De retour après l'échec financier de son Lone Ranger, Gore Verbinski rappelle a quel point il est l'un des cinéastes hollywoodiens les plus passionnants de sa génération. A cure for life est ainsi un film formellement maîtrisé de bout en bout qui, cerise sur le gateau, n'est adapté de rien du tout. Rien qu'en cela, le film est déjà une expérience cinématographique extrêmement plaisante.

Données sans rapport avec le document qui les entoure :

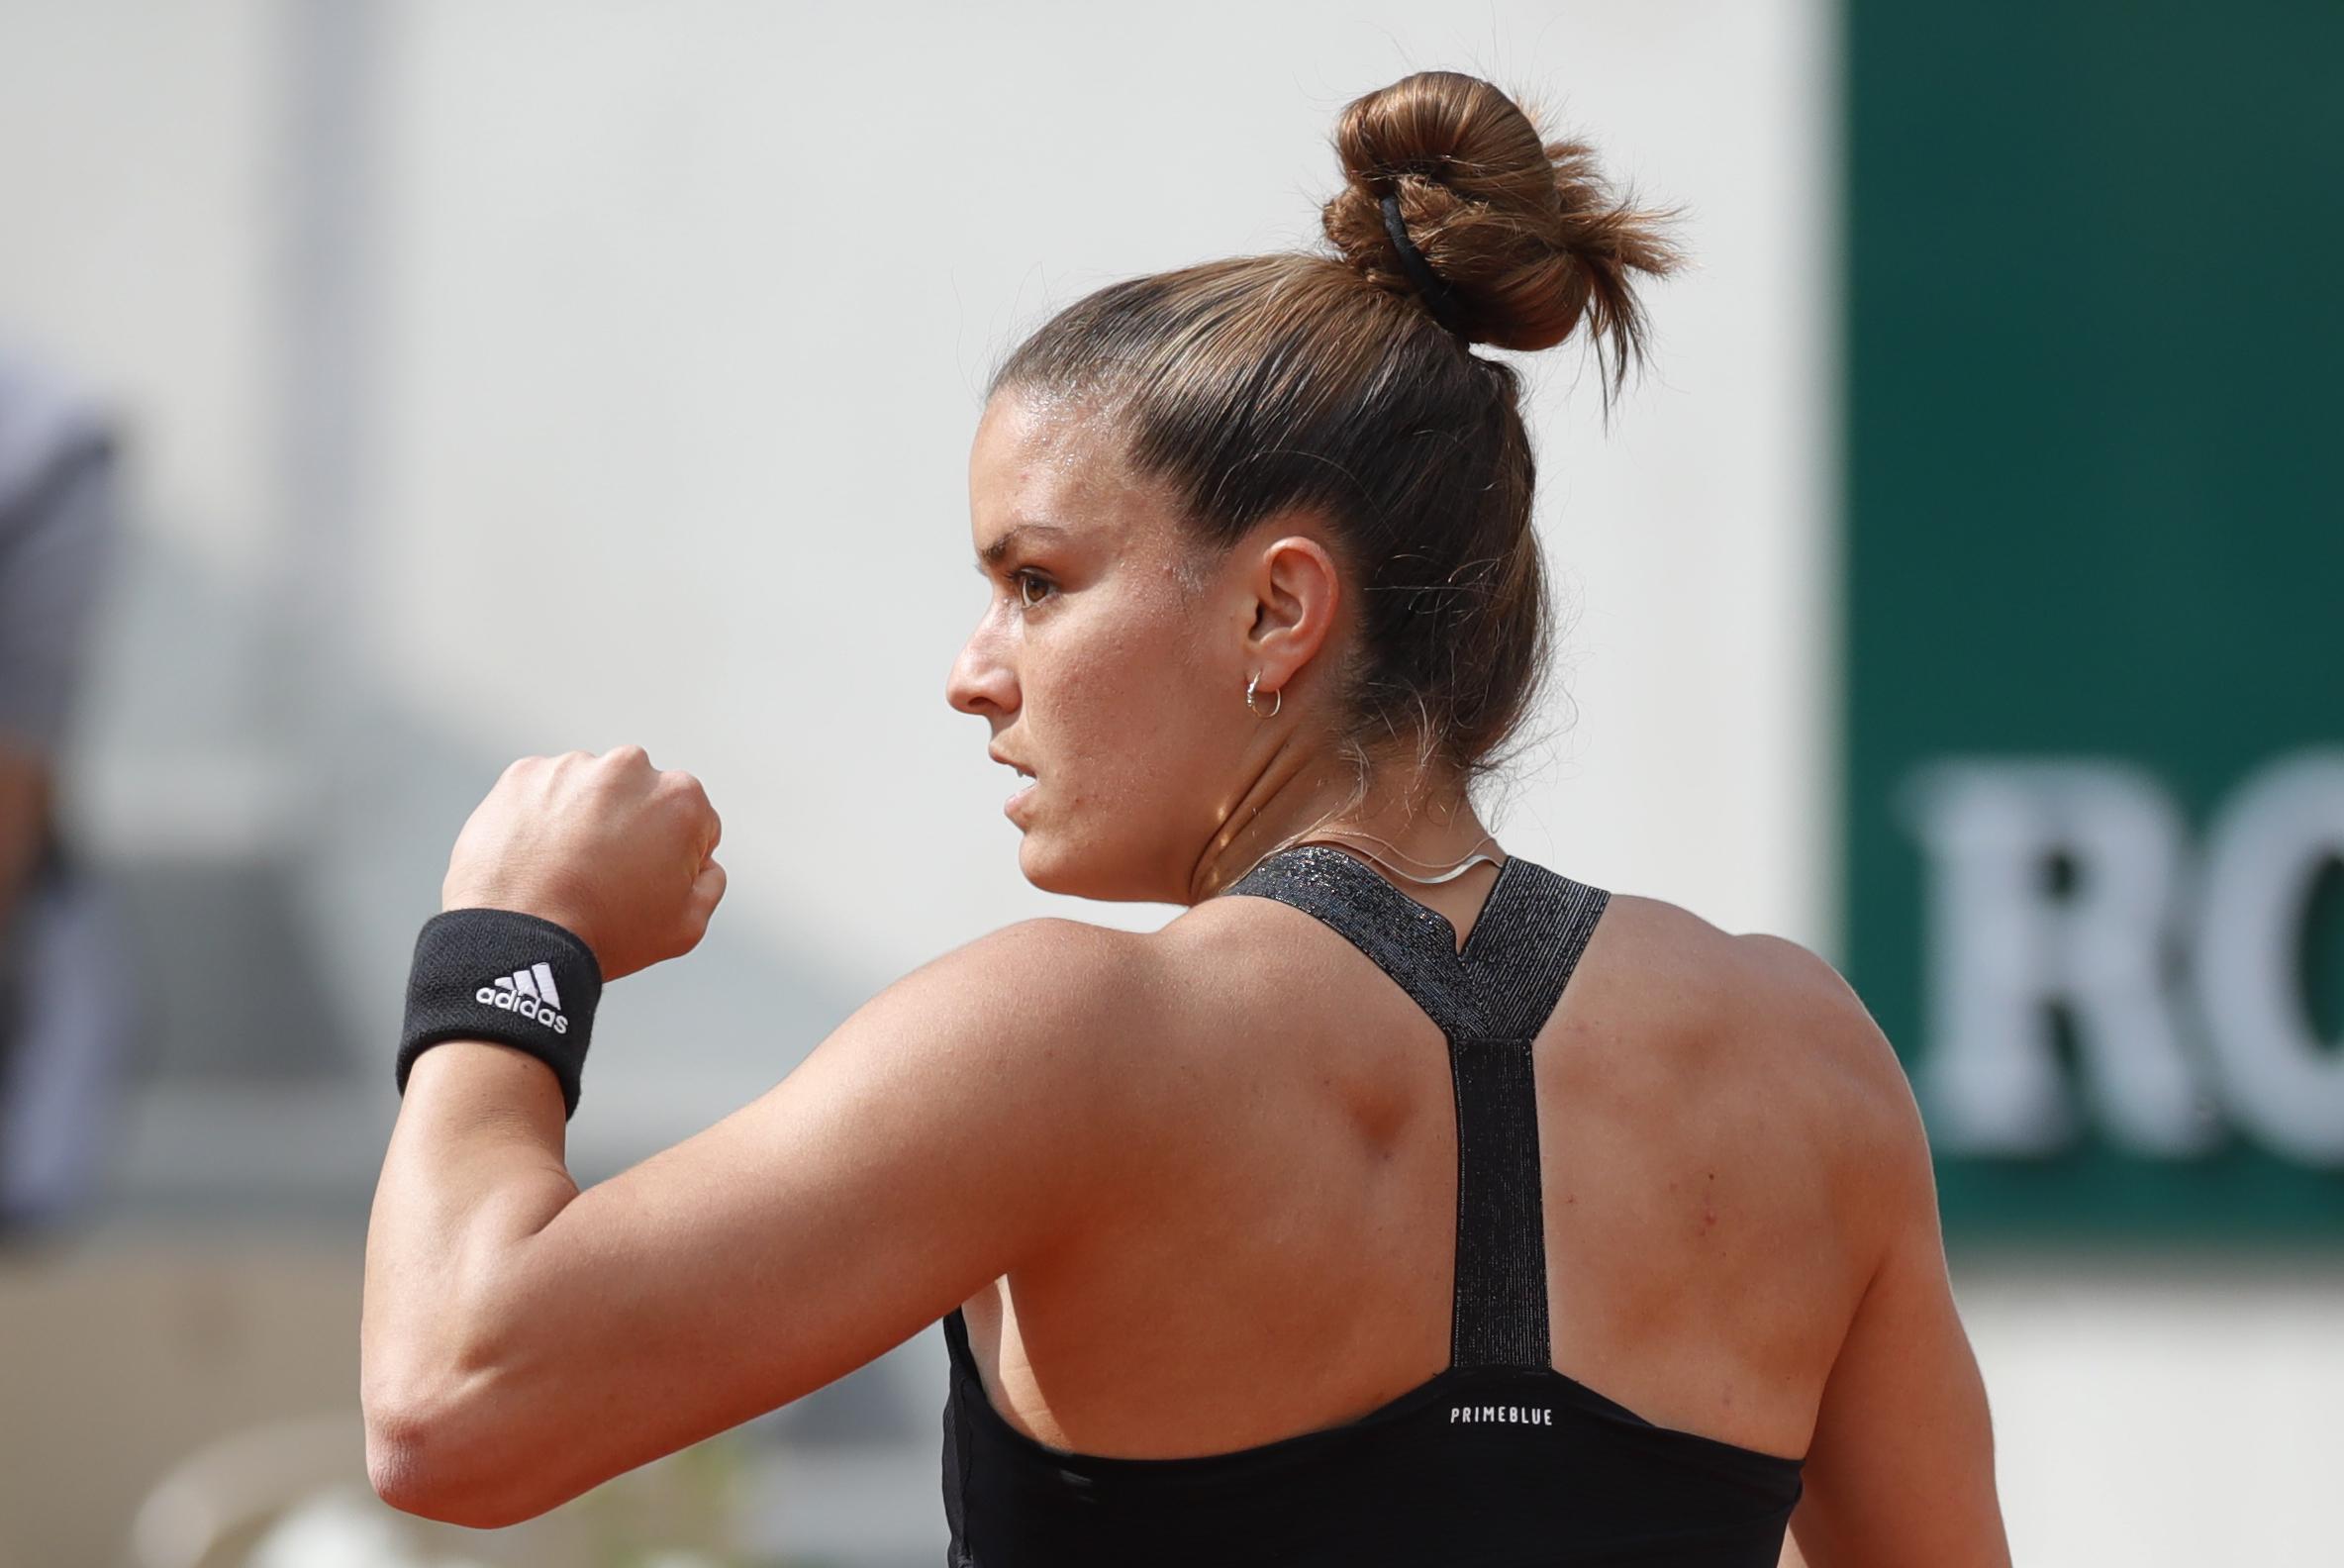 Μαρία Σάκκαρη: Η ώρα του ημιτελικού με την Κρεϊτσίκοβα στο Roland Garros
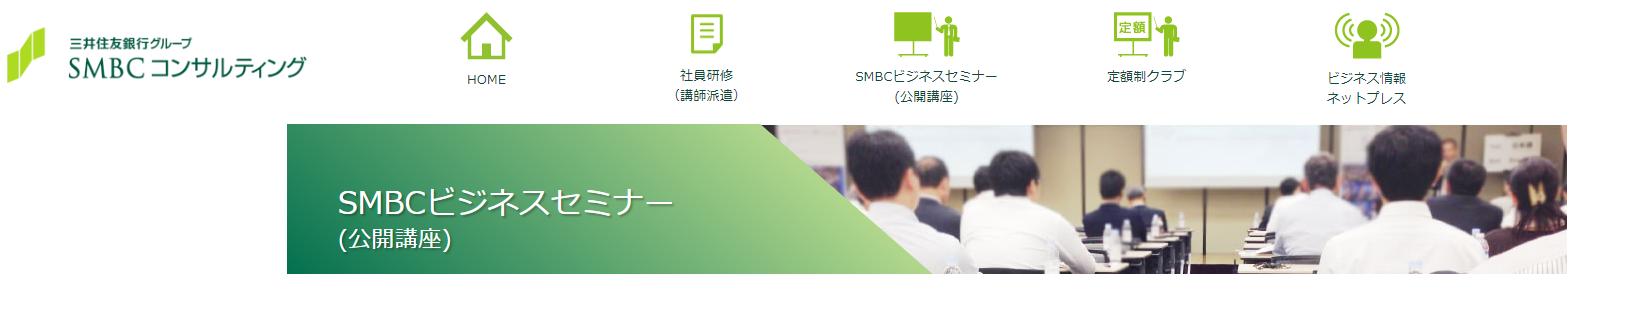 SMBC経営者交流会

Alors on lui pardonnera bien volontiers ses faiblesses narratives pour avant tout retenir son ambiance parfaitement entretenue, son histoire classique mais solide, son casting ainsi que les nombreuses fulgurances qui le parsèment de bout en bout.

Critique de publiée le 19 février 2017.

Que faut-il en retenir ?

  • Mise en scène somptueuse,
  • Une excellente ambiance,
  • Le classicisme élégant de l'histoire,
  • Techniquement très abouti.

Que faut-il oublier ?

  • De grosses faiblesses narratives,
  • Un personnage principal peu cohérent.